Ten days before Sunday, the inventory opens. You do not know what Saturday night will look like. You know only that you generally like Sunday pickleball, that seats fill, and that if you wait until your intent becomes firm, the liquidity will already be allocated to people who clicked earlier.
So you click BOOKED. The system records a fact. What you actually held was a probability distribution with conditions attached. The booking software flattened it into a bit.
That flattening is not a UI inconvenience. It is a market-design failure — and once personal agents can hold graded, durable intent, it becomes an unnecessary one.
The premature-commitment tax
A premature-commitment tax is what a market charges when it forces uncertain humans to crystallise fuzzy future intent into a hard state before they know enough to mean it. You pay it in attention (weekly polling), optionality (booking extras “just in case”), and truth (the provider’s fill board lies a little because soft demand is labelled firm).
I’m booking ten days in advance because that’s when the inventory opens. I don’t even know what I’m doing… shit might happen Saturday night.
Economically, many bookings are options purchases, not attendance forecasts — especially when the fee for no-show is trivial. The provider sees thirty bookings and plans for thirty bodies. The latent structure might be eighteen firm players, seven likelies, and five humans hedging. Binary systems destroy demand-quality information.
Restaurants have lived inside this fog for years. Reservation research treats no-shows as a first-class planning problem: studied sites show meaningful bands (on the order of low single digits to mid-teens in some samples; broader commentary often treats rates near twenty percent as unsurprising, with special occasions far higher).1 Operators invent deposits and overbooking not because diners are uniquely immoral, but because a binary reservation is a soft commitment wearing a hard label.

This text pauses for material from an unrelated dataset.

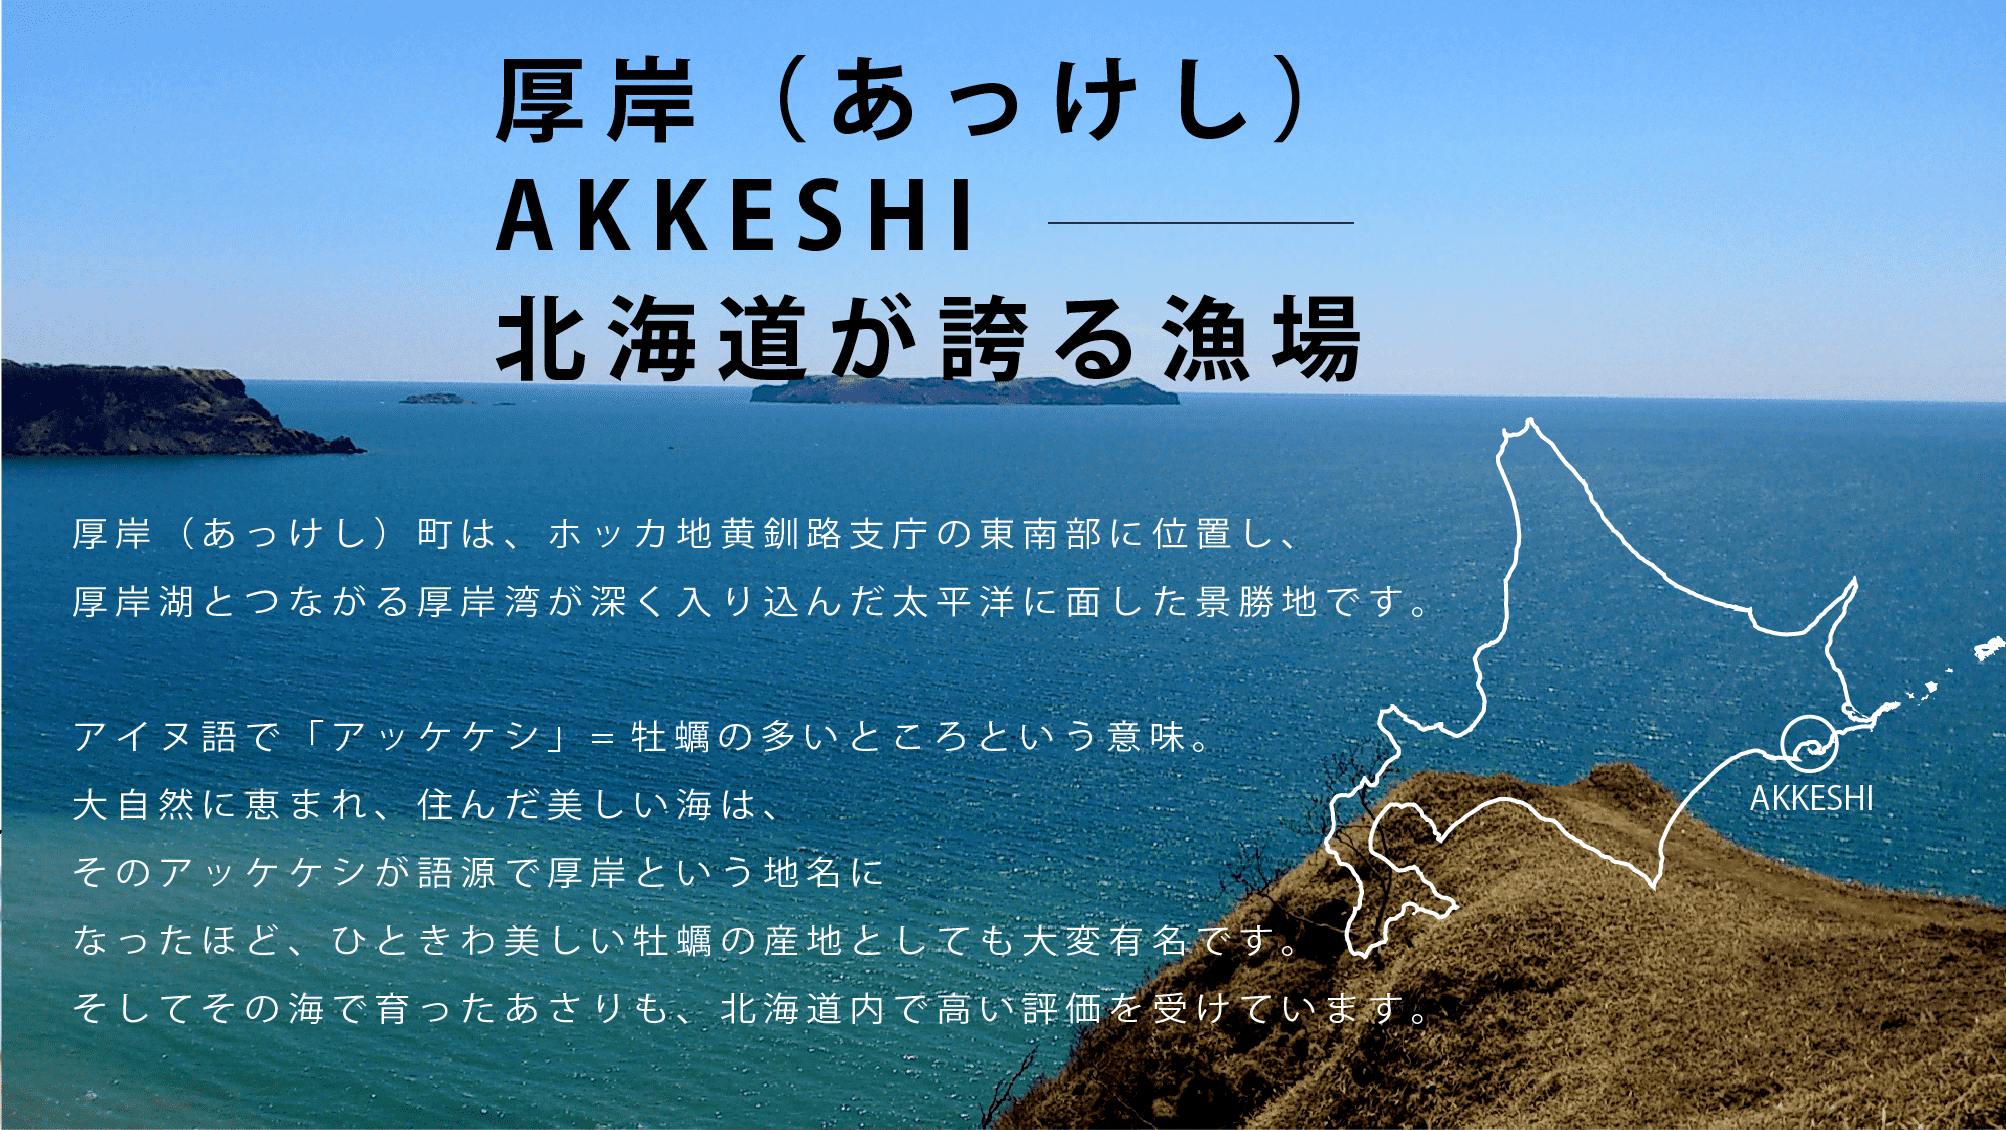 厚岸（あっけし）AKKESHI北海道が誇る漁場
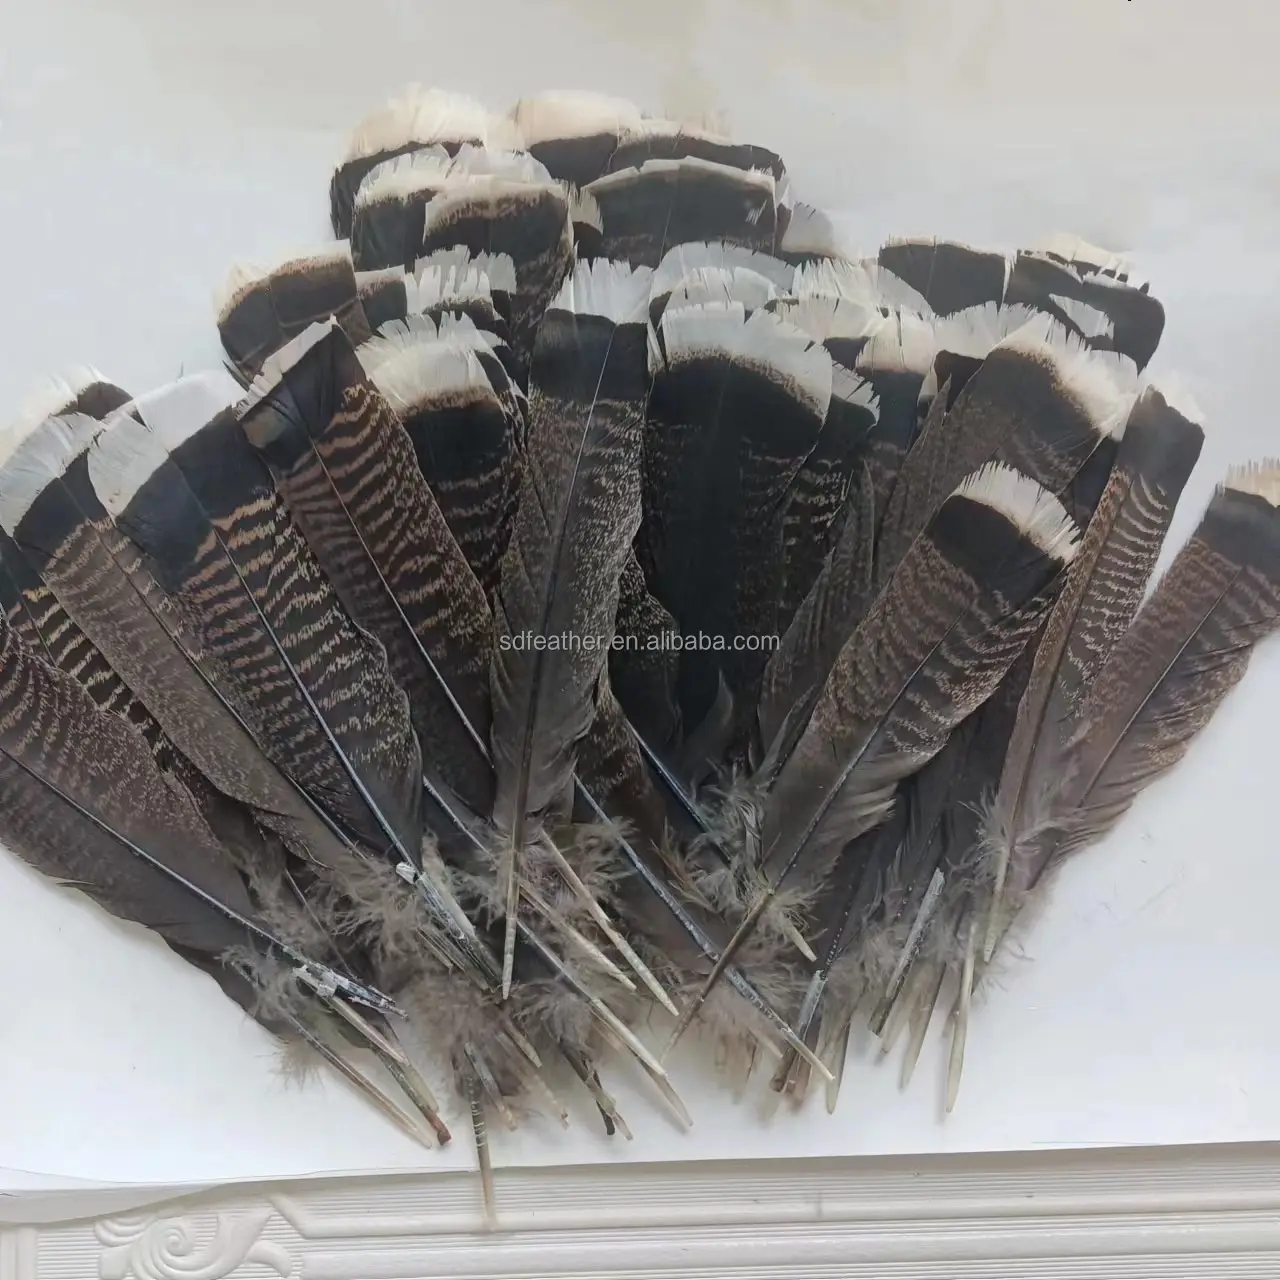 25-30ซม. 10-12นิ้วงานฝีมือขนนกไก่งวงหางสำหรับงานรื่นเริงหน้ากากผ้าโพกศีรษะตกแต่งเต้นรำ

An order book with elasticity
Imagine Sunday demand as a depth chart — not a list of booked names, but a stack of intent across times. Then add what binary software cannot see: each human’s elastic multi-time preference.
Scott: strong 10:00–10:30, fine at 11:00, outside at 12:00 Jane: any time after 10:30, before 13:00 Peter: any Sunday morning if social/beginner-ish
That structure is an intent order book. The “prices” are times and conditions. The clearing problem is: which session, if synthesised, maximises compatible playable demand given real court constraints?
Current software does not solve that problem. It publishes a row and waits. A market maker’s job is to optimise the clearing time across flexible human intent — not to guess an 8 a.m. session and hope.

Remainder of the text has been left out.